Bunun karşısında AK Parti-CHP koalisyonu çözüm süreci için daha iyi bir senaryo sunduğu söylenebilir. Toplamda %65’lik oy desteğine sahip bir hükümetin Kürt meselesinin çözümü konusunda daha inisiyatifli olacağı öngörülebilir. Çözüm sürecine karşı çıkan kesimlerin ikna edilmesinde ve kaynakların mobilizasyonunda bu temsil gücü önemli bir kaynak işlevi görecektir. Ayrıca, CHP’nin son yıllarda seçim barajı, Avrupa Yerel Yönetimler Özerklik Şartı, faili meçhul cinayetlerin araştırılması gibi Kürt meselesinin çözümü konusunda aldığı göreli olumlu pozisyon hatırlandığında, bu koalisyonun sorunun çözümüne katkı sağlayacağı beklenebilir. Son olarak, CHP’nin Suriye politikası konusunda AK Partiye getirdiği eleştiriler ve YPG-PYD konusunda aldığı göreli ılımlı tavır, Kürt meselesinin çözümü konusunda partiyi daha makul bir aktör haline getiriyor.

Tüm bunlara rağmen, anadilde eğitim gibi kolektif kültürel haklar, idari ve siyasi yerelleşme ya da öz-yönetim, yerel kaynakların yerel aktörlerce yönetilmesine olanak tanıyacak yerel/bölgesel mali özerklik, silahsızlanma gibi Kürt meselesinin kritik başlıklarında CHP’nin radikal çözümler sunmadığı ve geleneksel devlet reflekslerini büyük oranda gösterdiğini hatırlamak gerekir. Bu anlamda AK Parti - CHP koalisyonu büyük olasılıkla meselenin çözümünden ziyade, idare siyasetine devam anlamına geleceğini not etmek gerekir.

AK Parti'nin ikilemi

Bu noktada, en güçlü aktör olan AK Partinin ikileminin altını çizmek gerekir. Bir yandan çözüm sürecini olmazsa olmazları arasında sayan AK Parti, öte yandan özellikle Rojava konusunda çözüm süreciyle uyuşmayan politikalarında devam ediyor.
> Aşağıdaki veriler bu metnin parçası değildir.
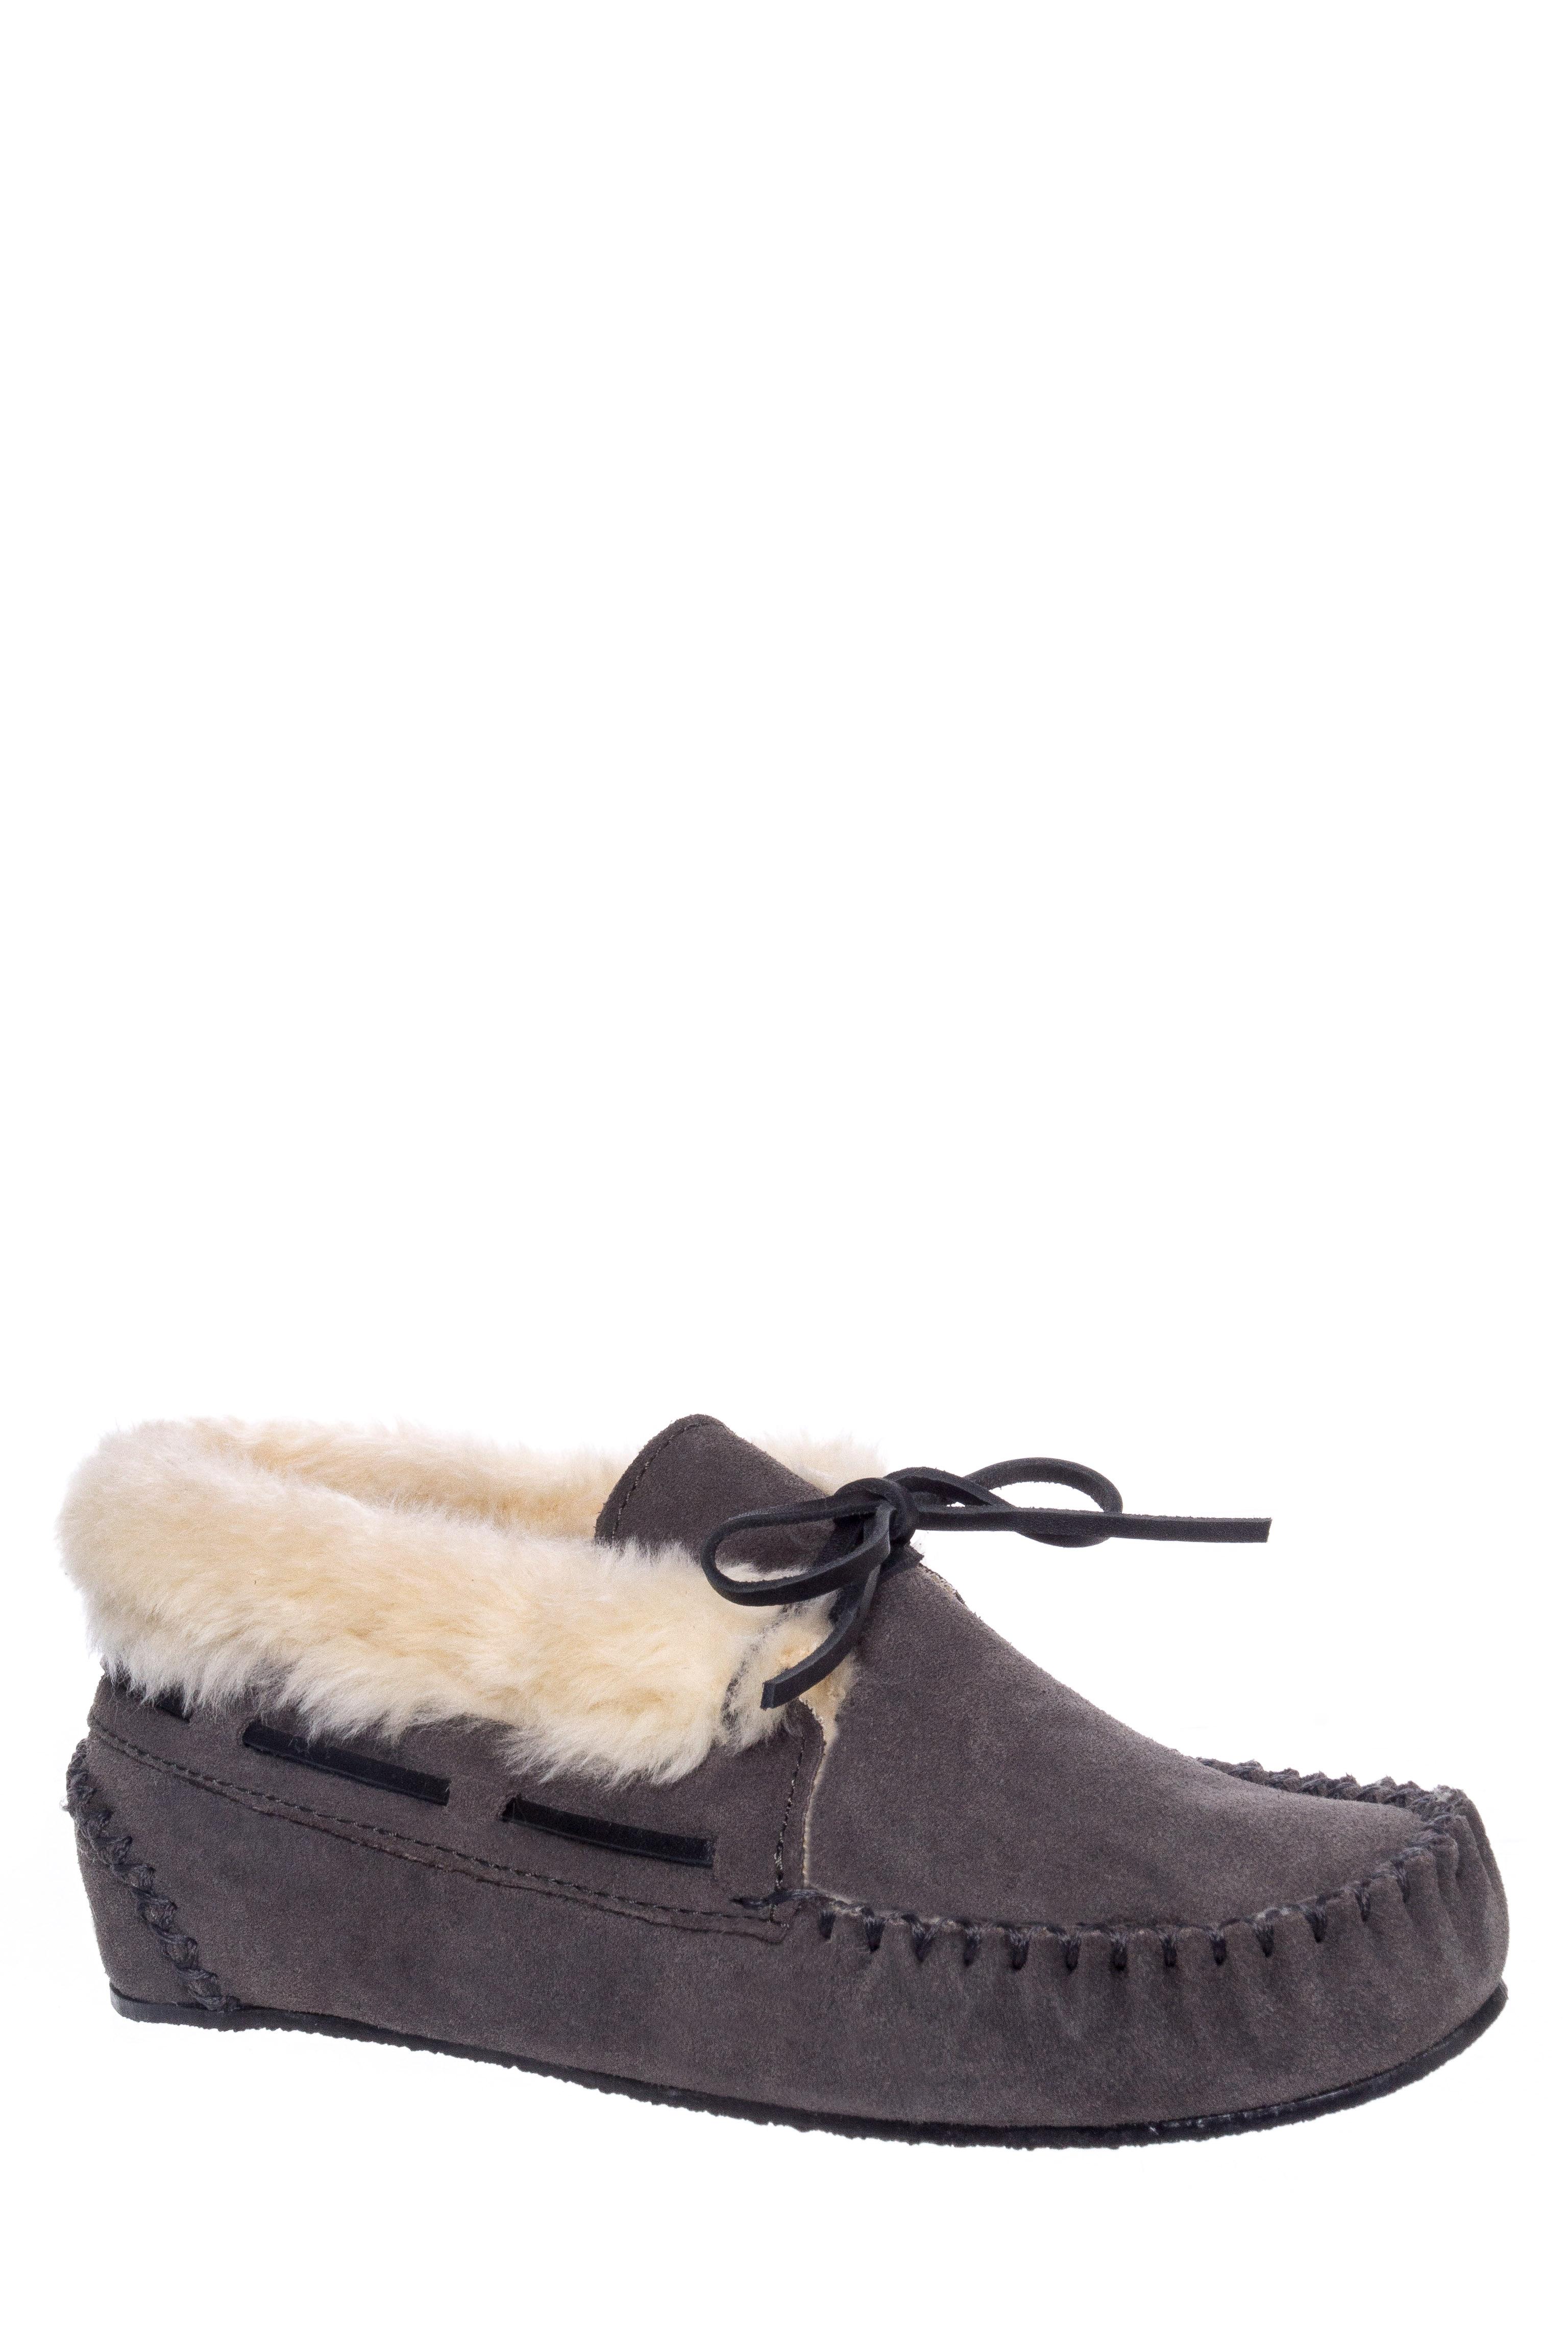 Minnetonka Chrissy Flats Boot

Zira, Kobanê düştü düşecek siyaseti, Grê Spînin YPG’nin kontrölüne geçmesiyle birlikte Batı destekli “etnik temizlik”, “YPG DAİŞ’ten (İŞİD’ten) daha tehlikeli” gibi söylemlerle sürüyor.

Hatırlatmakta yarar var. Öcalan’ın 2013 Newroz’unda yaptığı çağrı Kürt meselesini sadece Türkiye sınırları içinde çözmeyi öngörmüyordu. Bundan öteye bölgesel ölçekte Türkiye ile Kürtlerin ilişkisini yeniden kurmayı öneriyordu. Bu anlamda, çözüm süreci değişen jeopolitik denkleme Türklerle Kürtler arasındaki ilişkiyi bölgesel ölçekte yeniden kurmaya olanak tanıyordu.

Mevcut koalisyon seçenekleri böylesi bir ilişki kurabilir mi? AK Parti-MHP seçeneğinin kuramayacağı açık. Diğer seçenek en azından kapıları açık tutabilir.